NVIDIA sent over a Nyko PlayPad Pro bluetooth controller to try out console mode. It’s easy enough to pair the controller to Shield and then navigate the Android UI using it, since the controls map essentially 1:1 with the native gamepad on Shield.
The bluetooth controller has minimal latency, and the Bluetooth and WiFi combo in Shield seems to time slice fast enough that control using the wireless controller while simultaneously streaming content over WiFi doesn’t cause any additional stuttering or latency. I have to say that I think this is a much more enjoyable PC game streaming scenario, although it does reduce Shield to little more than an HDMI sink and Bluetooth adapter.
Lastly there’s a new feature called gamepad mapper which maps and emulates on screen touches from the controller. This enables Shield control of games which don’t work natively with the Android gamepad input APIs. NVIDIA has built a number of profiles which map their analog sticks and buttons, and users can build their own. Launch one of these apps, and you get a notification that the mapper has started. Long pressing the start key brings up an overlay with the gamepad builder and the current mapping so you can know what buttons map to what on-screen elements or commands.
I tried this with a few games, and initially it’s a little jarring, but the emulated profiles do work and enable more games than before to use Shield controls, which was one of the big prior limitations. Although I would still prefer for more Android games to just get their act together and use the gamepad input APIs, this does sort of bridge the gap and enable NVIDIA to make the case that Shield does support the rest of the Android game library. I suspected something like this was coming when I first saw Shield back at CES 2013.
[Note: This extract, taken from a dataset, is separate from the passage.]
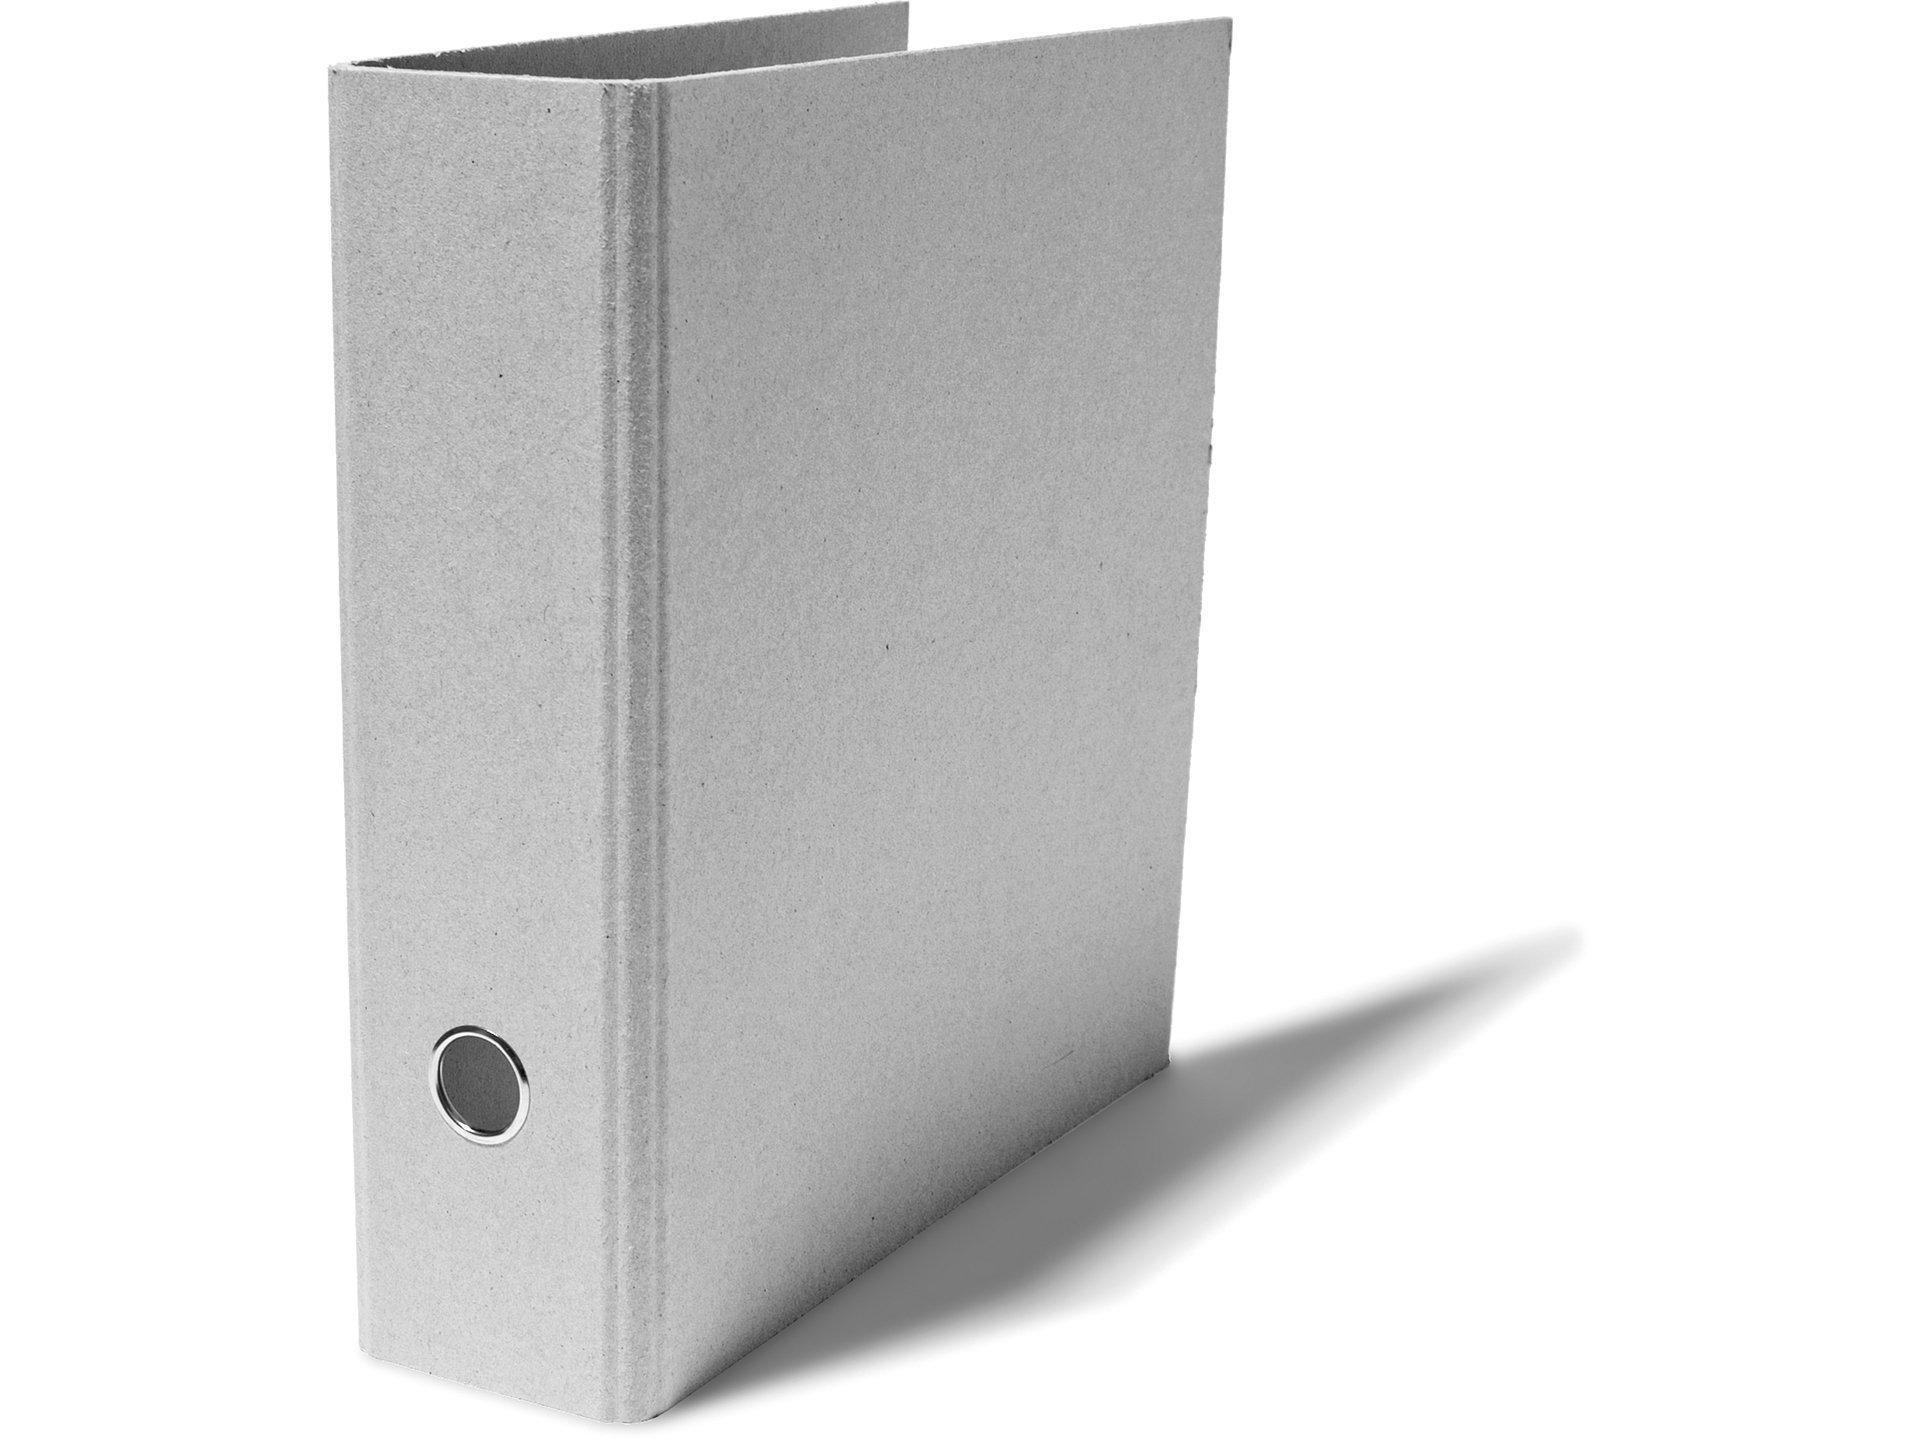 Modulor Ordner Graukarton Online Kaufen Modulor

NVIDIA has pushed out a big update to Shield, and a relatively timely Android 4.3 update to boot, although there’s 4.4 KitKat just around the corner, which I know is in the hands of most SoC vendors participating in the PDK (Platform Development Kit). Console mode makes a ton of sense, GameShield coming out of beta is a great step forward, and gamepad mapper lets Shield work in theory with the remaining Android game library. It's exactly the kind of update that Shield needed to stay fresh.
The update comes just in time for the holiday shopping season, and NVIDIA was also quick to note that it’s giving $100 off of Shield and three games with the purchase of a GeForce GTX 770, 780, or Titan, or $50 off of Shield and two games with the purchase of a GTX 660, 660 Ti, 670, 680, or 760.